С.Л. Франк в Германии: еврейство и русские дети. Дополнения / Модест Колеров
Великий русский философ Семён Людвигович Франк (1877- 1950) был глубоко погружён и в немецкие язык и культуру и потому остро пережил нацификацию Германии, где он непрерывно жил после высылки из Советской России в 1922 году, сразу потеряв надежду на возвращение на Родину. Потому он покинул Германию не в 1933 году, а много позже. Германия не сразу заставила его сделать этот выбор и не в последнюю очередь — поставив перед выбором его детей.

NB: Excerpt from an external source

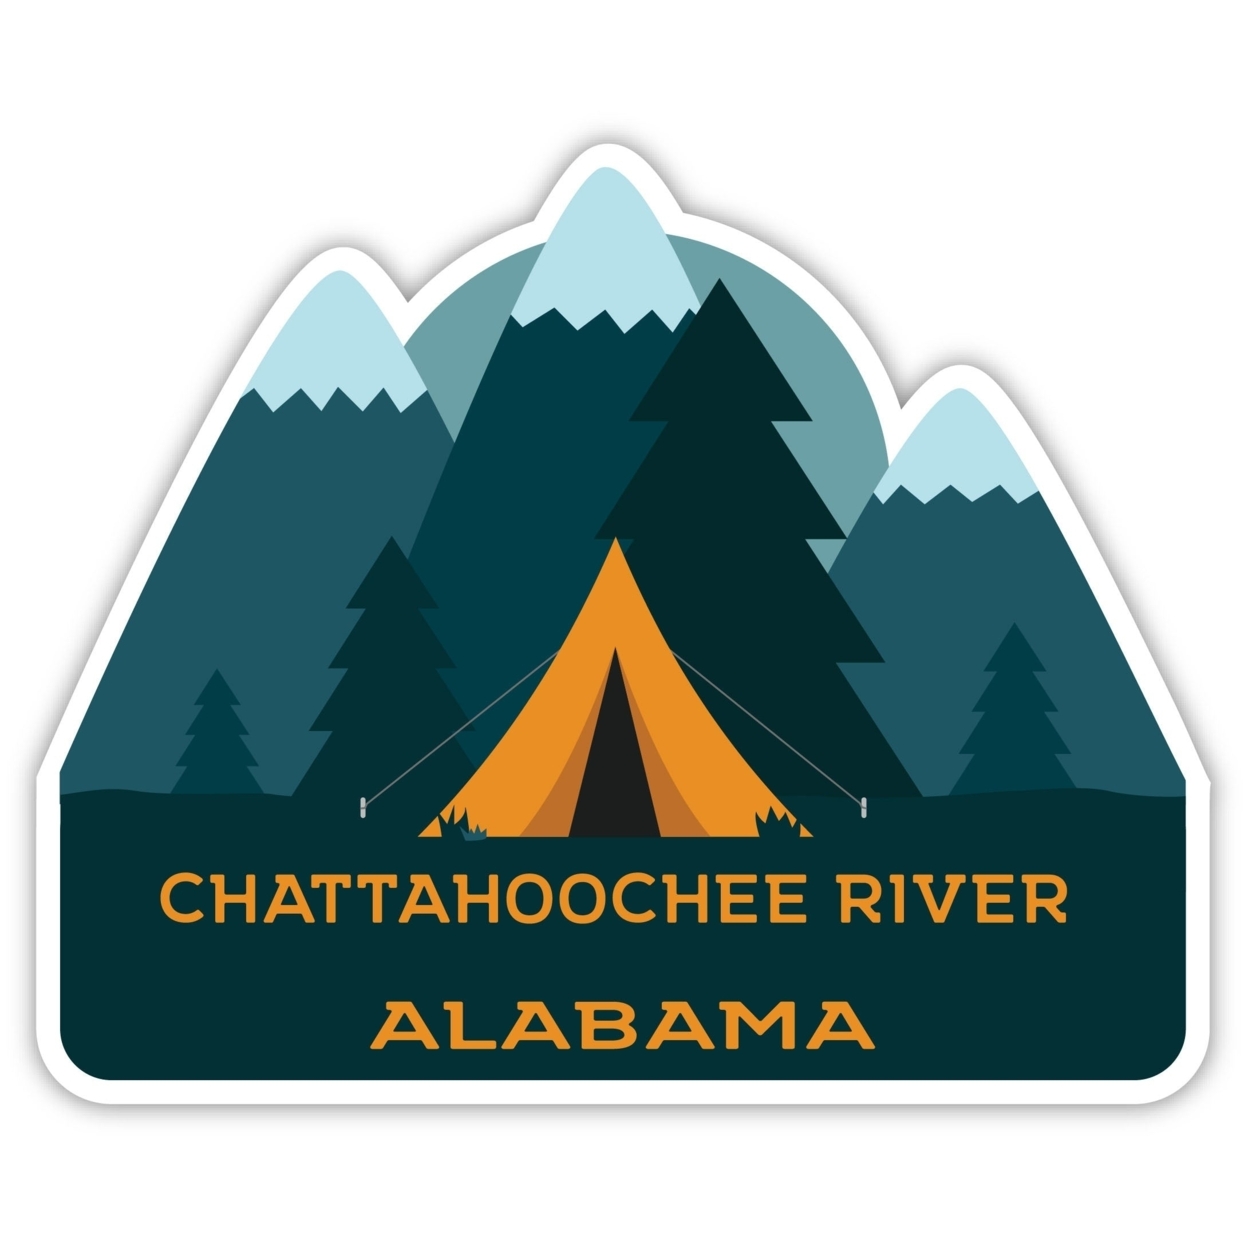 Chattahoochee River Alabama Souvenir Decorative Stickers (Choose Theme And Size) - 4-Pack, 4-Inch, Tent

Хорошо известно свидетельство самого младшего сына и ребёнка С. Л. Франка Василия Семёновича Франка (1920–1996) о том, как он, живя в Германии, где к власти пришёл Адольф Гитлер, стал понимать, что для нацистов он — не русский человек, а сын еврея. Он вспоминал, что в силу его географического рождения в деревне немецких колонистов в России, на Волге и немецкого свидетельства о рождении, в эмиграции, «в берлинской школе… пока не было установлено моё неарийское происхождение, нацисты считали меня Volksdeutscher, тем более с такой фамилией, как моя. Моей реакцией был яростный протест» — как русского человека (1).
Важность того факта, что он «полуеврей», Василий «осознал только лишь с появлением на исторической сцене Адольфа Гитлера», видимо, всё же имея в виду его приход к власти в Германии в 1933 году. После прихода к власти нацистов: «Постепенно набирали силу антиеврейские законы. Я испытал страшное потрясение, когда узнал, что являюсь «полуарийцем»… К тому времени я уже знал прекрасно, что мать у меня русская, а отец — исповедующий христианство еврей, но придавать этому обстоятельству существенное некое значение мне и в голову не приходило; прежде всего я ощущал себя русским — и по духу, и по происхождению. С точки же зрения немцев сей факт был важен необычайно — по крови к элите я не отношусь и должен этой непреложной данности и даже самого факта своего существования на свете — стыдиться. Стыдиться, на мой взгляд, мне было нечего, но с данностью пришлось смириться» (2). О своём отце в этом контексте Василий Франк вспоминал лишь самые общие обстоятельства: «По своим убеждениям, стилю жизни, духовной сущности, отец вне всякого сомнения был русским человеком. Но он никогда не отрицал своего еврейского происхождения, гордился своей принадлежностью к народу, который был избран, чтобы дать людям Иисуса Христа. Он уже давно был дружен со священником интеллигентом о. Аггеевым и принял крещение у него в церкви в Ларинской гимназии 3-го мая 1912 года» (3).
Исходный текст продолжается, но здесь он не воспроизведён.